Double Hung, LLC is poised for tremendous growth in 2014. We are, for the uninitiated, a 13 year-old company that restores historic windows (and doors) throughout a large swath of the the Southeastern US (and beyond).
We are historic preservation. Specialized, passionate, driven and well respected in the niche of preservation trades.
A group of investors, bored of making money off of other money, think we - as a true, labor intensive trade - smell pretty good and want to expand on the idea. Based around the nucleus of my company, we are looking to create a community of historic preservation tradesmen (masons, roofers, plasterers, landscapers, mill working, wood wrights, etc) within a compact 'campus' somewhere in the vicinity. Been laying the groundwork for months.

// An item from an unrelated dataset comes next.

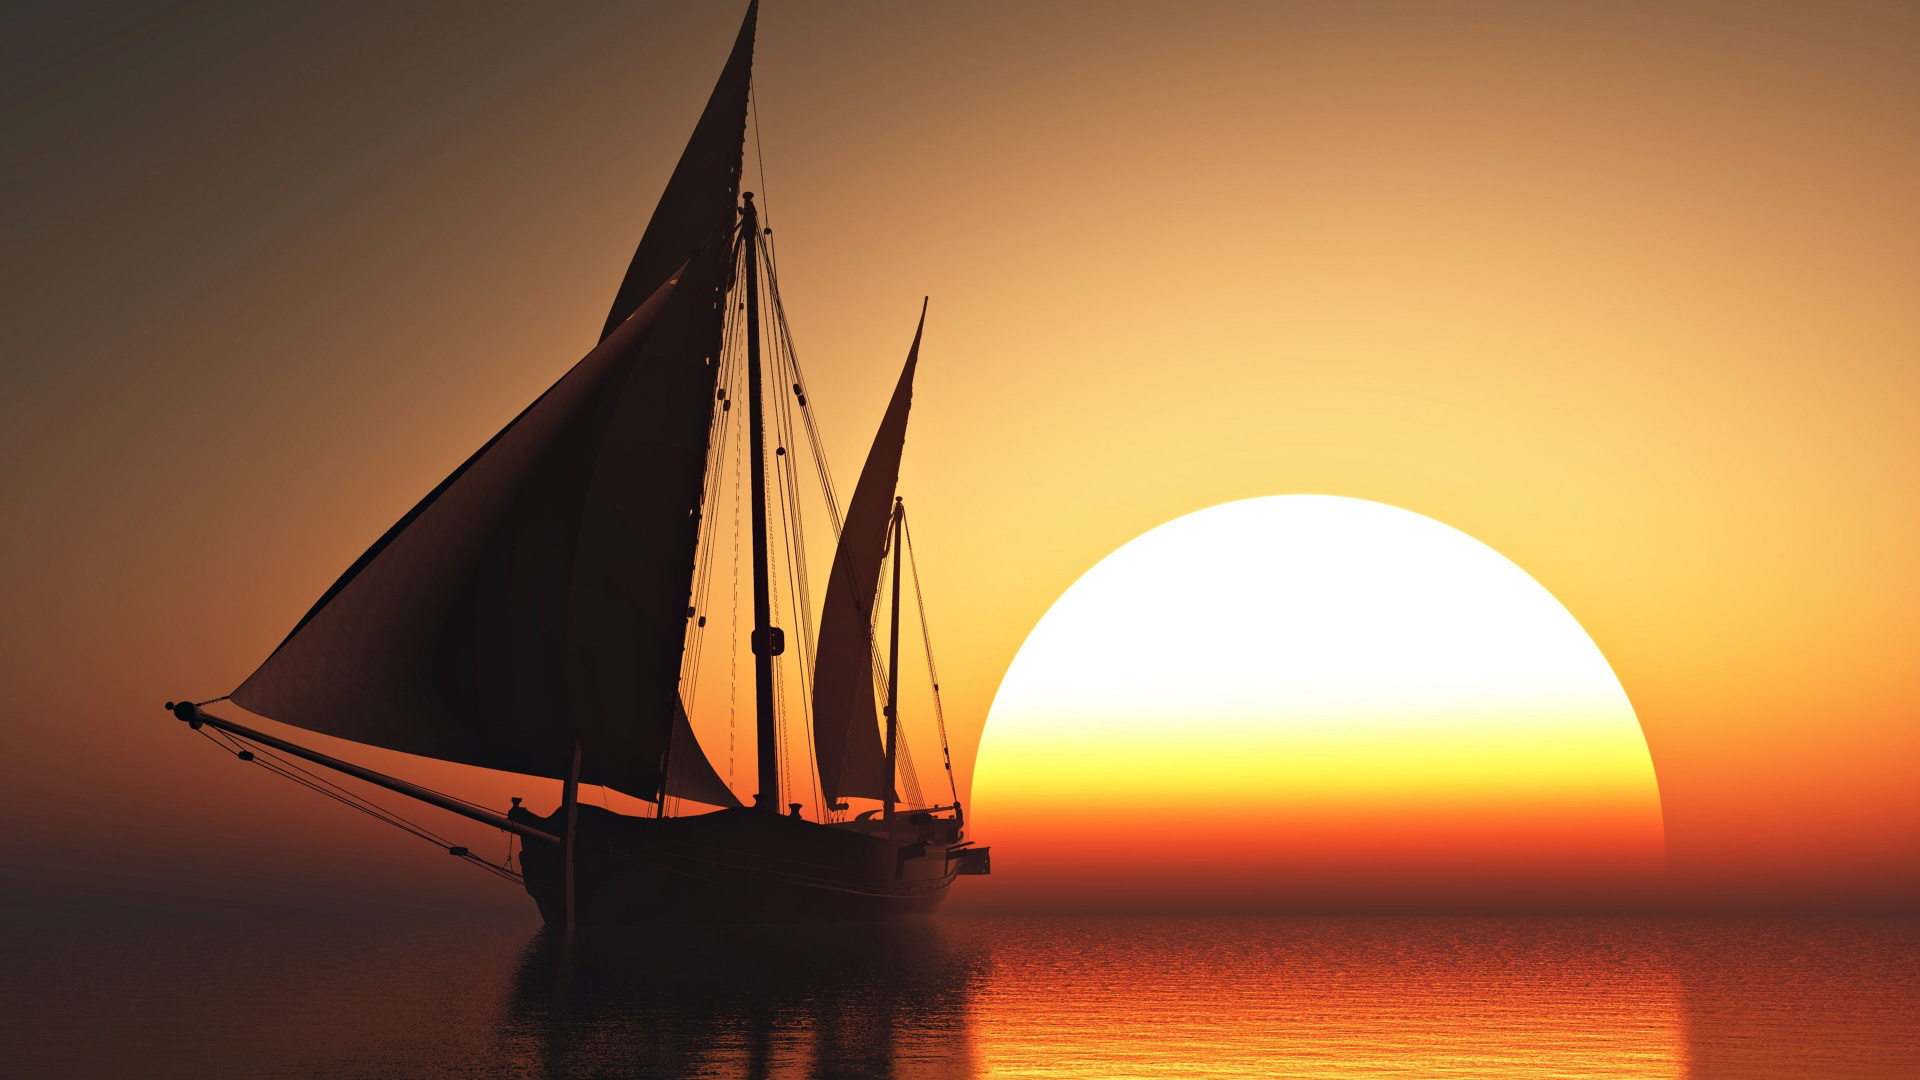 Silhouette Eines Segelboots Auf Dem Meer Bei Sonnenuntergang. Wallpaper in 1920x1080 Resolution

THAT is the model, I think. Pods of small niche market companies who are inter-related. A labor force that creates value with their hands.
I'll keep you posted as we progress."
I couldn't agree more. Only with tangible products which have lasting value can our local economy or any economy become fully restored. Sadly, for too long, the economic development "gurus" seem not to have understood that reality, and in doing so they have allow us to fall far behind the nation and the world.
The same model which David writes of can be applied towards the manufacturing of durable goods and quality handmade products.
This is the direction in which the Greensboro City Council should be looking, not towards performing arts centers, shopping centers, Piedmont Triad International, downtown development or industrial parks 20 miles away from where the citizens of Greensboro's poorest neighborhoods live.